Talk:Martingale representation theorem
|WikiProject Statistics||(Rated Start-class, Low-importance)|
|WikiProject Mathematics||(Rated Start-class, Low-importance)|
||This article may be too technical for most readers to understand. (September 2010)|
|This page was nominated for deletion on 2006 March 29. The result of the discussion was keep.|
I have proposed deletion for this article. The theorem stated in this way is substantially uncorrect. IMHO, it needs a major re-writing. So, before doing the eventual job, we should decide if this theorem should be on wikipedia or not. If yes, I could eventually work it out. gala.martin (what?) 23:31, 29 April 2006 (UTC)
- I agree that the statement of the theorem is poor, but it is a start. Why don't we just rewrite it? Perhaps we could restructure it by the following layout?

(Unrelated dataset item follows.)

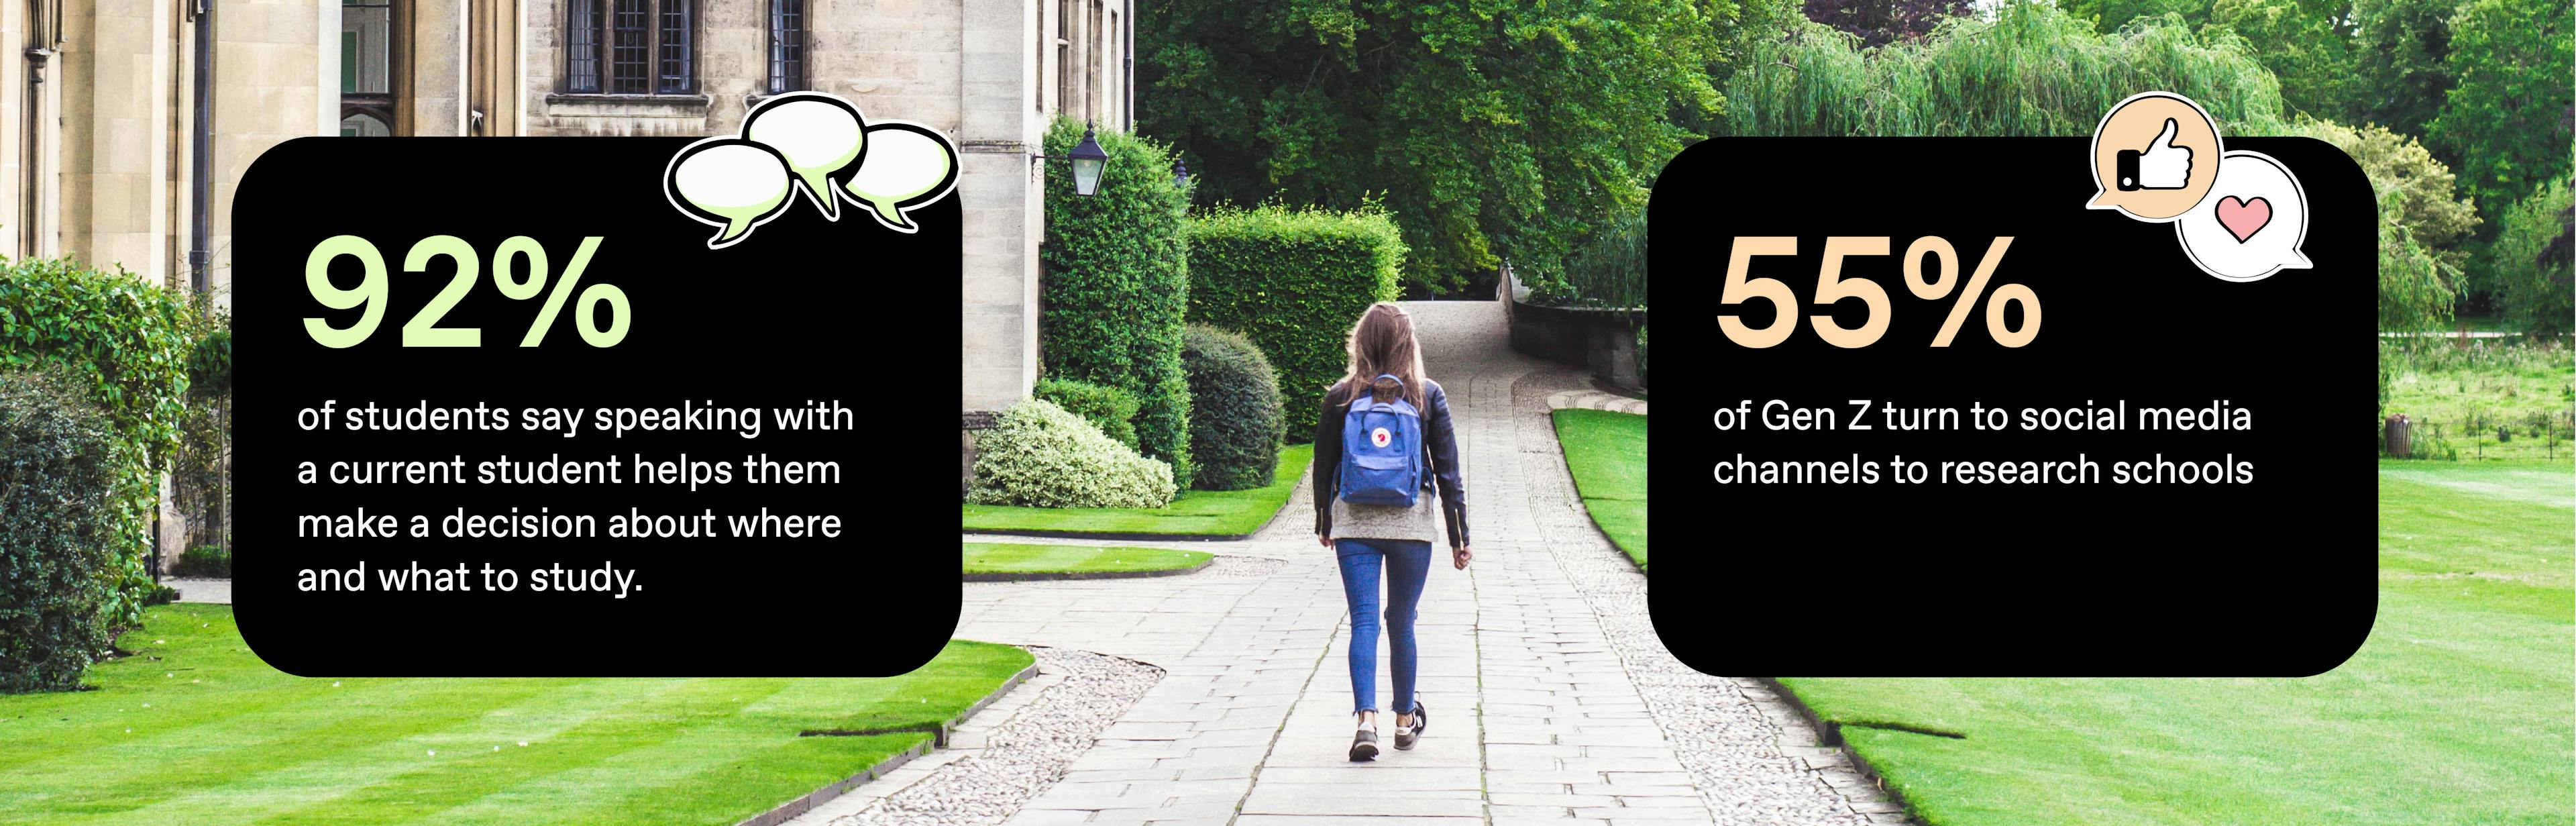 image of woman walking down path with text overlay reading "92% of. prospective students say speaking with a current student can help them make a decision of where to study" and "55% of gen z students turn to social media to research schools"

- 1. the statement for continuous martingales and give a few references for the proof,
- 2. the statement for general martingales, and few references for the proof
- 3. then perhaps some motivation for it along the lines of saying that Brownian motion is the canonical continuous martingale, while compensated compound Poisson processes are the canonical processes for martingales with jumps and that all martingales are just integrals of a Brownian motion plus some sort of compensated compound Poisson process, and lastly
- 4. some places where the theorem is used such as in finance where it is used to prove the existence of portfolios AJR_1978
Some books refer to the MRT as being the "all cts local martingales are integrals of B.m" version, rather than "all square integrable F_T-measurable random variables are integrals of B.m". For example, Oksendal's "Stochastic Differential Equations" takes this approach, as does Shreve's "Stochastic calculus for finance" and Karatzas and Shreve's "Brownian motion and stochastic calculus" (although K&S doesn't explicitly refer to it by name).